Therefore, you really need SSL (aka HTTPS), not only to convey the password or hash thereof, but also the remainder of the conversation between client and server.


I hereafter assume that the protocol is run within an SSL tunnel. You are right to want to use a slow hash function like bcrypt or PBKDF2; note that a salt is also needed to prevent cost sharing (e.g. precomputed tables). Slow, salted hashing is used to cope with the intrinsic weakness of passwords. Now, you might want to offload some of the hashing effort on the client. This may work, but it raises some practical issues:

  • Since the password processing must include a salt, a new one for each password instance, then the salt must be conveyed to the client, so that the client may include the salt in the hashing it performs. This increases the protocol complexity: the client must first send the user name to the server, then the server must send back the salt, and (only then) can the client begin to hash the password. This is one more network roundtrip than with the usual "send user name and password as one POST request".
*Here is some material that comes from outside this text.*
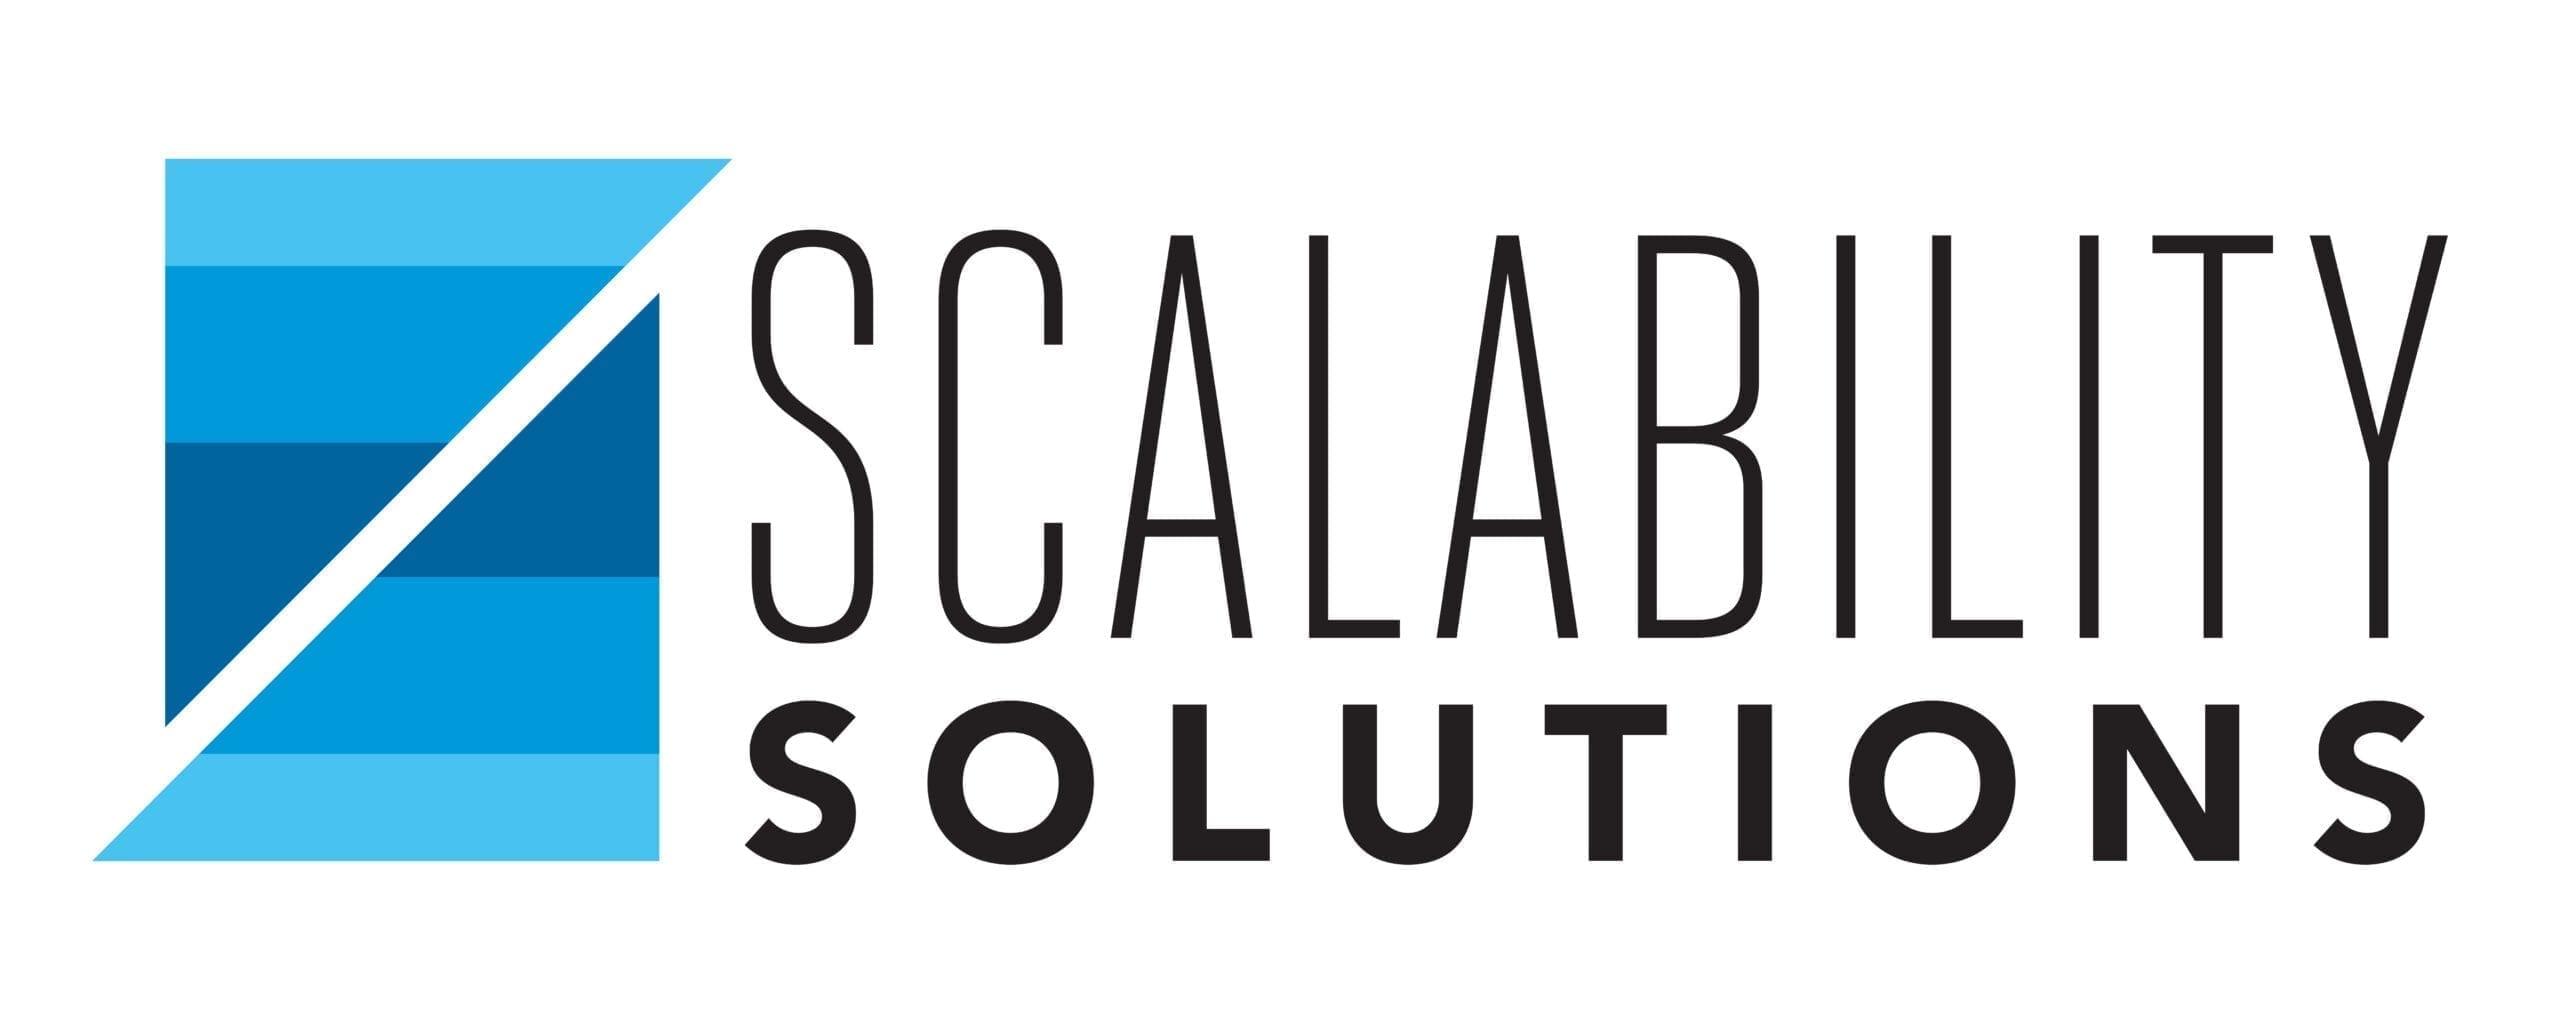 Scalability Solutions LLC

  • Slow hashing is about accepting to spend a lot of CPU on each password, so that the attacker also has to spend a lot of CPU on each password. But if the spent CPU is on the client, then we cannot raise it as much as we would like, because: 1) there are clients which have very little CPU (say some cheap smartphones or tablets), and 2) the Web context implies using JavaScript, and JavaScript performance is really bad when it comes to hashing (say at least 20 times slower than C code).

Therefore usual wisdom is that performing part of the password hashing on the client is not worth the effort.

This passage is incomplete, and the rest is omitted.